North Korean leader’s sister calls South’s live-fire drills ‘suicidal hysteria’


SEOUL, July 8 (UPI) — Kim Yo Jong, the influential sister of North Korean leader Kim Jong Un, condemned recent live-fire drills held by South Korea’s military as a form of “suicidal hysteria” and threatened retaliation Monday.

In recent weeks, the South has conducted live-fire ammunition exercises near both the tense maritime border in the Yellow Sea and the demilitarized zone that separates the two Koreas.

The drills are the first of their kind in six years and come after South Korea withdrew last month from a 2018 inter-Korean military accord meant to reduce tensions along the border.

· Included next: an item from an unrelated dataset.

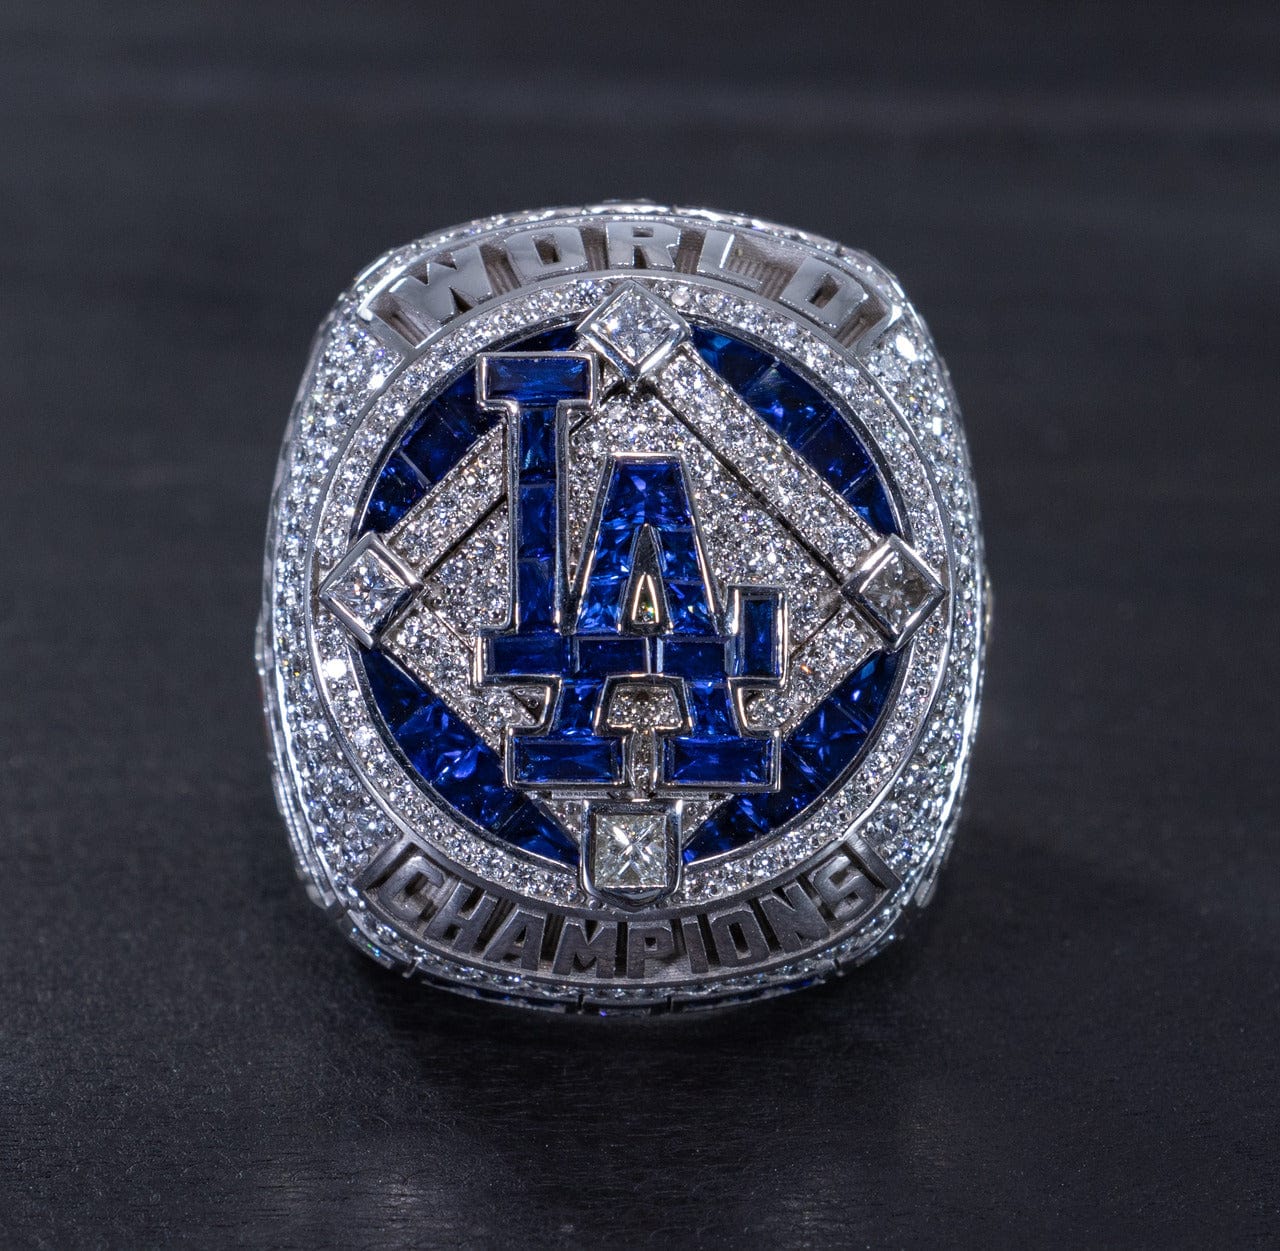 The Story Behind the Dodgers World Series Ring

Pyongyang unilaterally suspended the agreement in November.

“I affirm that such an undisguised war game being staged by the enemy near the border of the DPRK is just an inexcusable and explicit provocation that aggravates the situation,” Kim said in a statement carried by the government-run Korean Central News Agency.

The Democratic People’s Republic of Korea is the official name of North Korea.

Kim said the drills represented “suicidal hysteria, for which [South Korea] will have to sustain terrible disaster.”

Seoul suspended the inter-Korean military agreement in early June after Pyongyang launched balloons carrying trash and excrement over the border.

The DMZ has also been the site of multiple border incursions by North Korean troops over the past month. On each occasion, the South Korean military fired warning shots and the North’s soldiers returned to their side of the border.

North Korean soldiers have been observed clearing land, laying mines, reinforcing tactical roads and installing structures that appear to be anti-tank barriers at several locations, Seoul’s military said.

In her statement Monday, Kim claimed the drills were an attempt by South Korean President Yoon Suk Yeol’s administration to distract from his mounting unpopularity at home.

Kim cited an online petition calling for the impeachment of Yoon, which surpassed 1 million signatures last week.

“Yoon and his group, plunged into the worst ruling crisis, are attempting an ’emergency escape’ through the platform of ever-escalating tensions,” she said.

A spokesman for the South’s Unification Ministry, which oversees inter-Korean affairs, dismissed Kim’s comments as an effort to stir up social discord.

“It is very regrettable that North Korea is interfering in our internal affairs by criticizing our head of state,” spokesman Koo Byoung-sam said at a briefing Monday.

“I make it clear once again that North Korea’s attempt to divide public opinion in our society will never work,” Koo said. “The North Korean regime should first look at itself as it isolates itself from the international community through its nuclear and missile provocations, ignores the people’s livelihood and suppresses basic human rights.”